I heard a booming laugh that sounded like its owner was twice my size. My suspicion was immediately confirmed, when one of the slabs of stone moved, and turned out to be a slab of a man instead. He was a barrel chested giant, clad in gray seal furs with a chaotic camo pattern drawn over it with river silt. If not for a pair of dark brown eyes and a white smile, he could be easily mistaken for an upright boulder. He had a sling in his hand, a shot loaded in it, but he let it hang casually. Still, I knew he could whip it faster than I could duck behind cover, and for me, that would be all she wrote. That stone, propelled by his bearlike arm, would burst my head open like a piñata.

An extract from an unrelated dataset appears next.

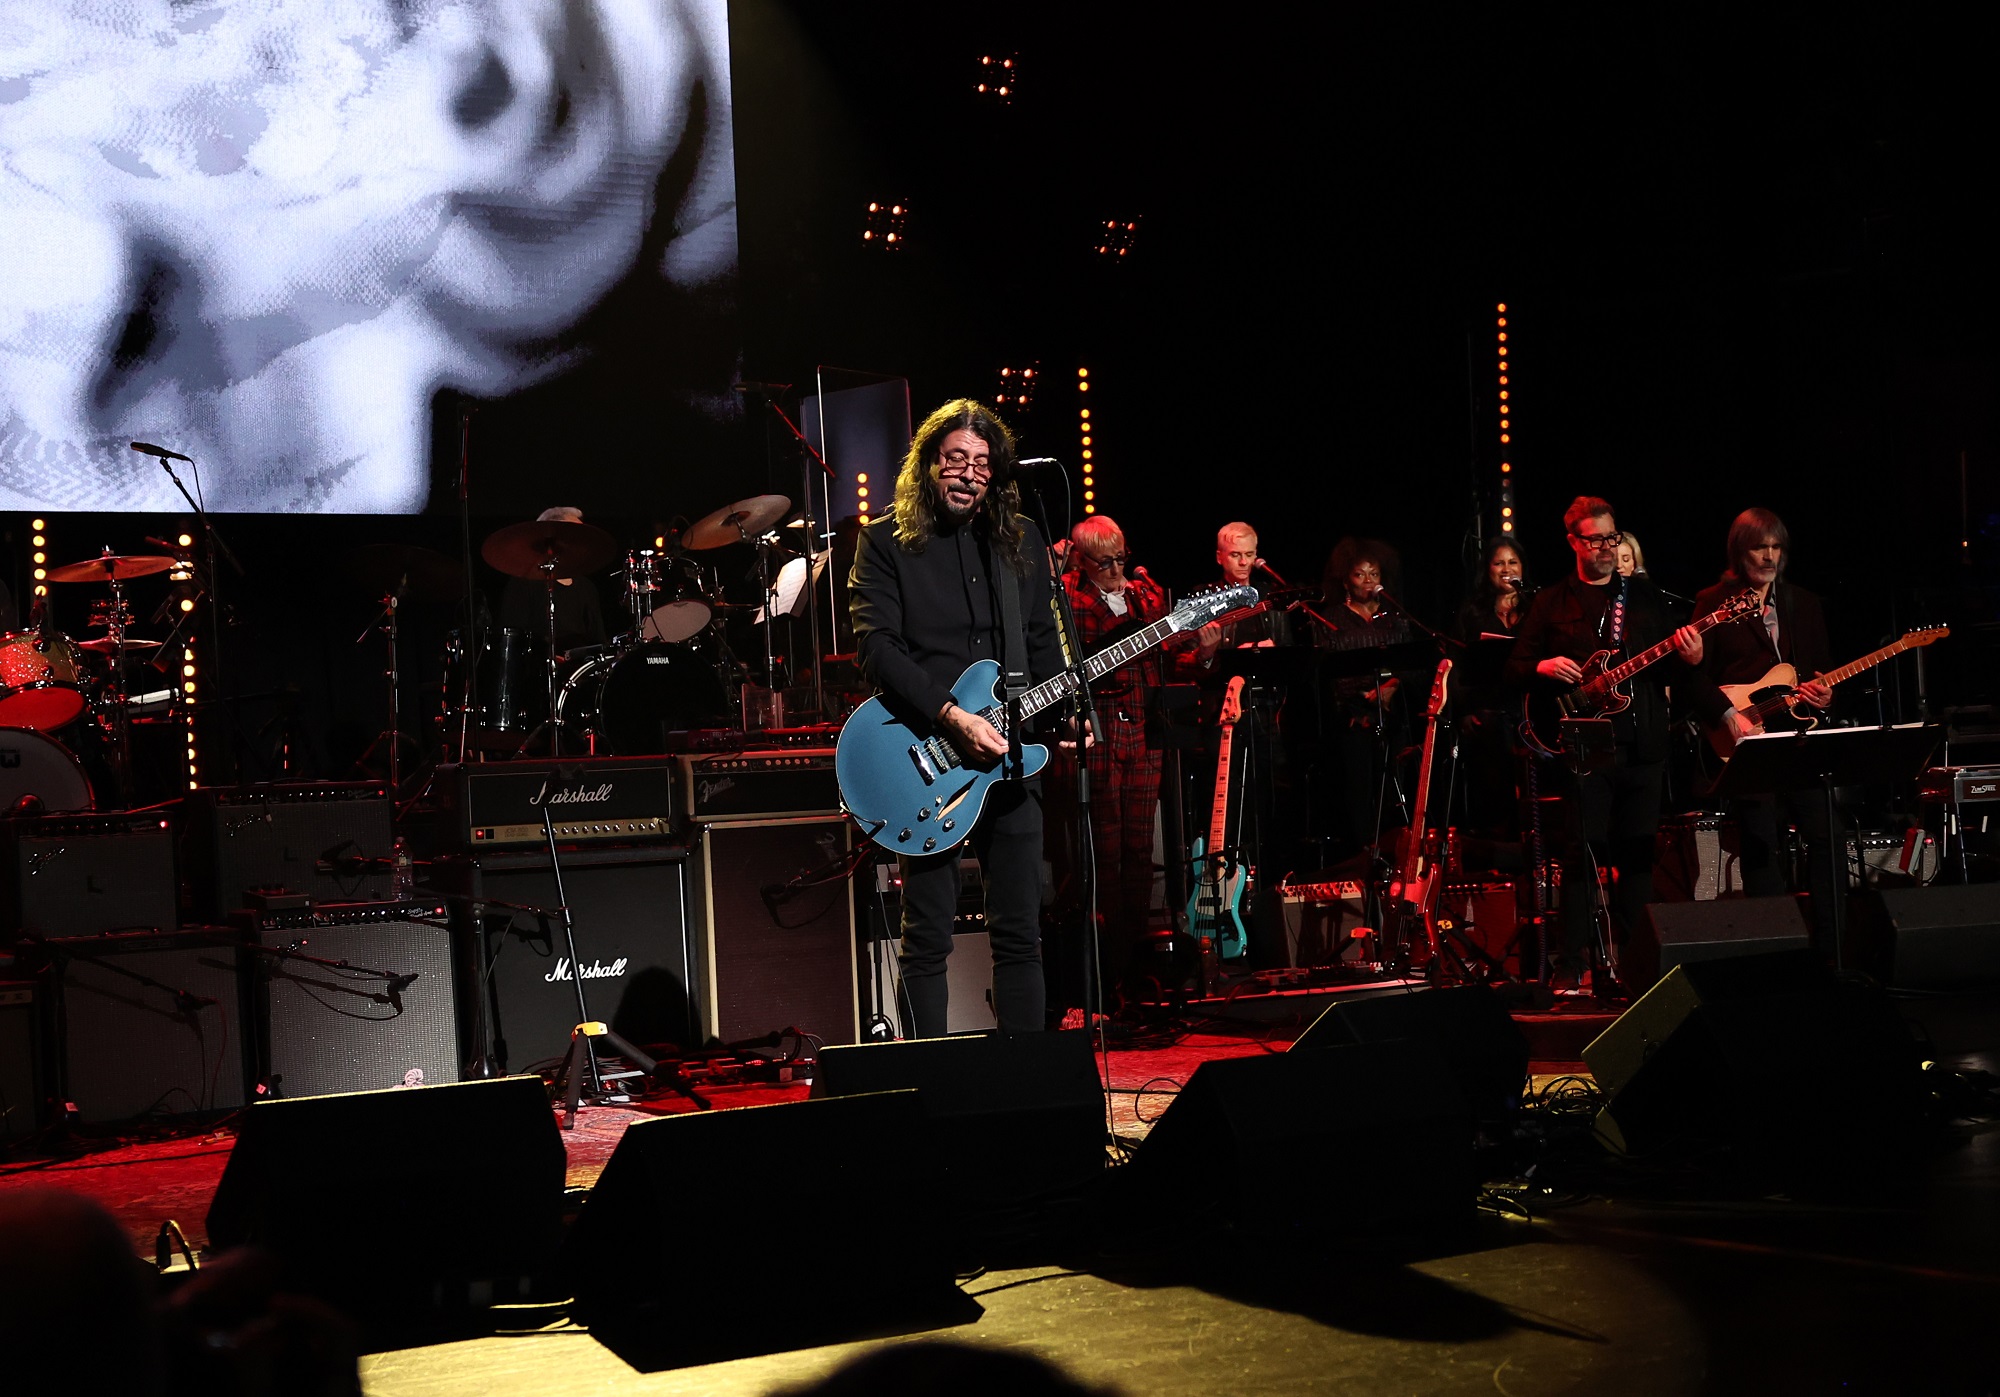 Dave Grohl, Don Felder & More Stars Helped Raise $3.8 Million for Charity at Love Rocks NYC Concert

“Mister Jack, you are too ridiculous to be a demon. Still, I cannot be sure to trust you, understan’?” As he calmed down, his English became less and less difficult to understand. In fact, they sounded very much like someone accustomed to giving attention-grabbing speeches, like maybe a preacher or a drill sergeant. “Are you a Muslim, Mister Jack?”
“Ah, sorry, that was a lie.” I admitted the truth, deciding honesty was the best course of action. “I just wanted to convince you to meet. In fact, I'm as godless as they come, but I promise, I'm a decent guy. Well, not worse than the next guy, I suppose.”

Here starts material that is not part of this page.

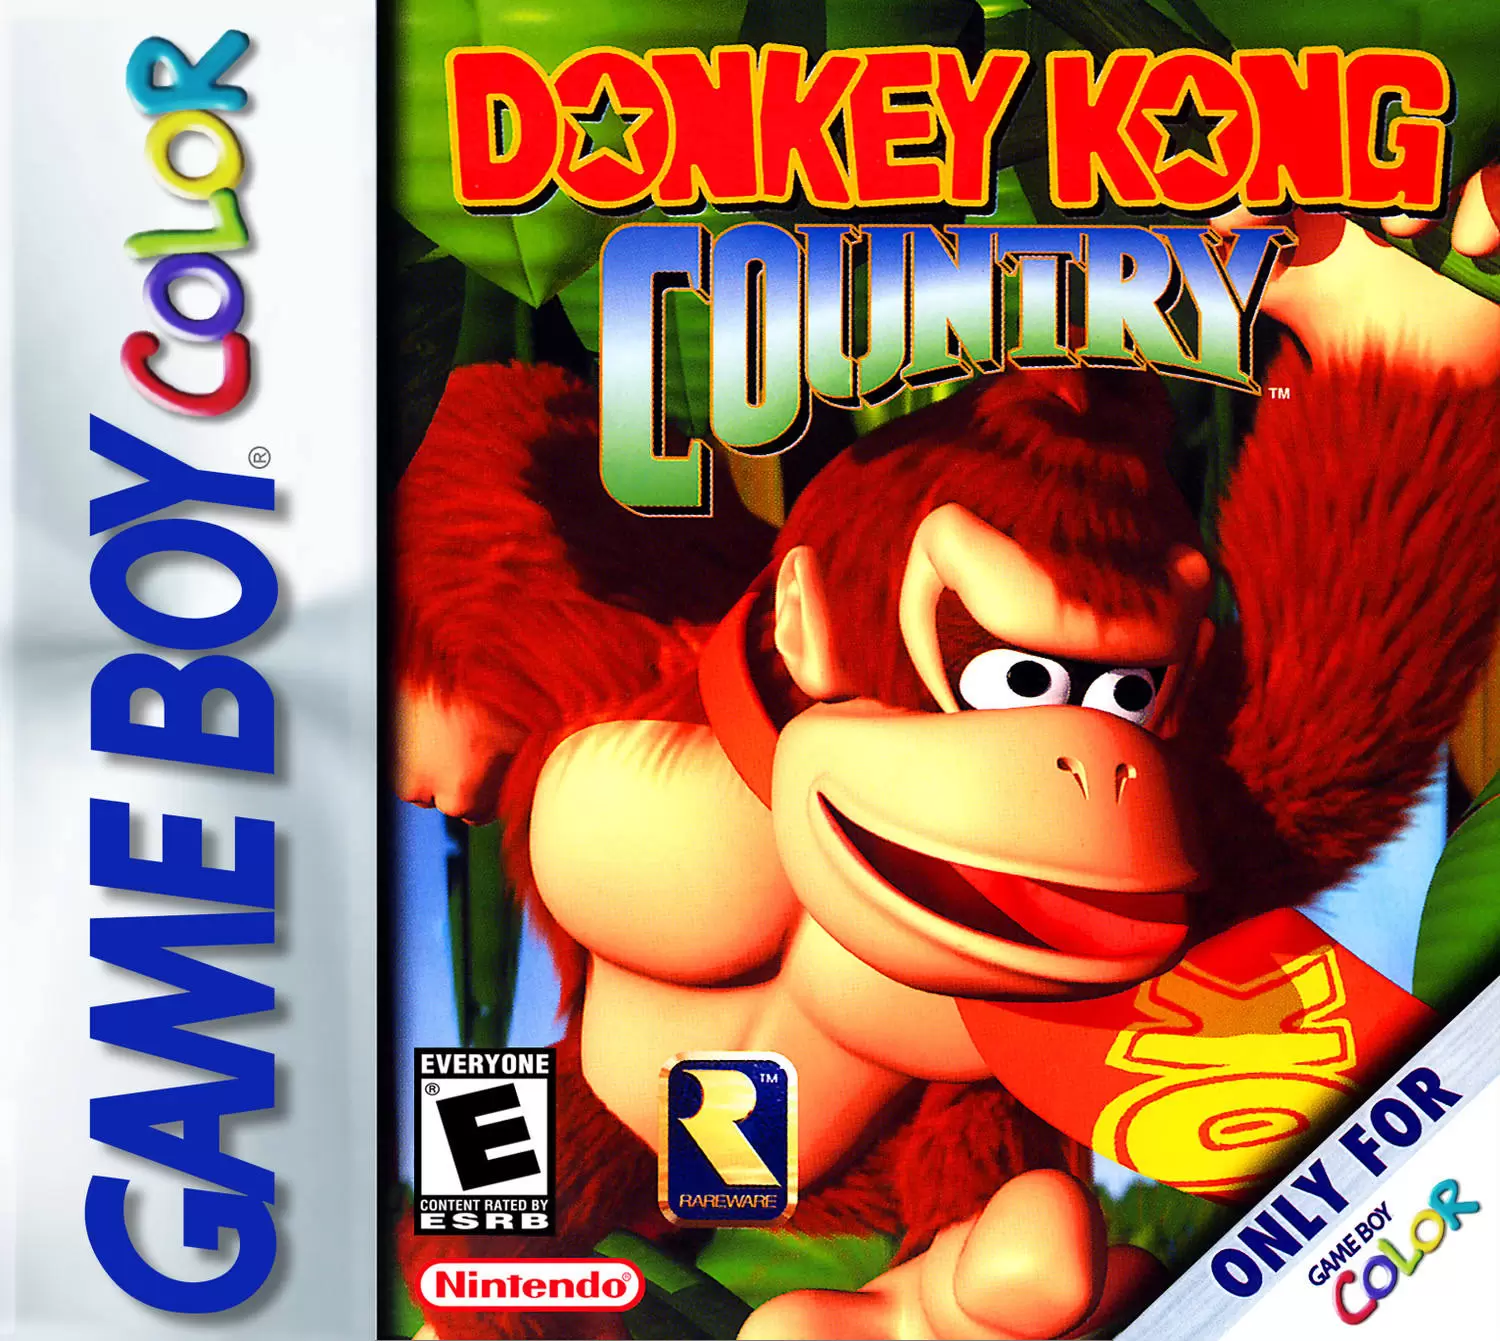 Game Boy Color Games - Donkey Kong Country

“That was what I assumed,” he said, with just a hint of paternal disappointment. “The mangled Shahadah was an obvious giveaway.”
“Sorry about that. I had good intentions.”
He chuckled mirthlessly, “don’t we all, brother. And yet, we meet here, in the place where sinners with good intentions end up, besieged by monsters until we wash away our sins.”
“You believe this is Hell, mister…?”
“I’m Yusuf Baba Abdullahi, though I expect you’d just call me Baba, and mispronounce the rest. And let me call you Jack, because Jahtzsek doesn’t really roll off the tongue either, and I don’t want to even try to mangle your family name.” He came nearer, calm, yet no less scary, the sling at the ready. “ Frankly, I no longer know what I believe. Some scholars would likely say a place like this is Barzakh, the gap between the world of the living and the afterlife, where the fire of our sins purifies our dirty souls. On the other hand, I believe that only the Quran, and the pure words of God within it, explain reality, and the verses say of no such place where embodied men are pitted against beasts. So you tell me, mister scientific man, mister unbeliever, is this Hell? Purgatory?”
“I don’t have a clue, Baba. I thought this was some kind of alternate dimension. A reality sideways to ours, in which we are recreated.” I said, but I was not really convinced with my own explanation.
“One filled with giant monsters, and bloodthirsty demons prowling the night, the woods and the waters?”
“uh, yes?”
“One where there is no realistic hope of rescue, survival is a struggle, where hunger and thirst are your eternal companions, where every day is a battle, and every night a longing for the loved ones you shall never see again?” he queried patiently.
“Yes, exactly…” I admitted, heavy-heartedly.
“So essentially, Hell?”
“Hey, it's.. I mean…damn, you might actually be right.”
“See Jack? Doubt and being open to new ideas is the first step. I will make a good Muslim out of you yet.”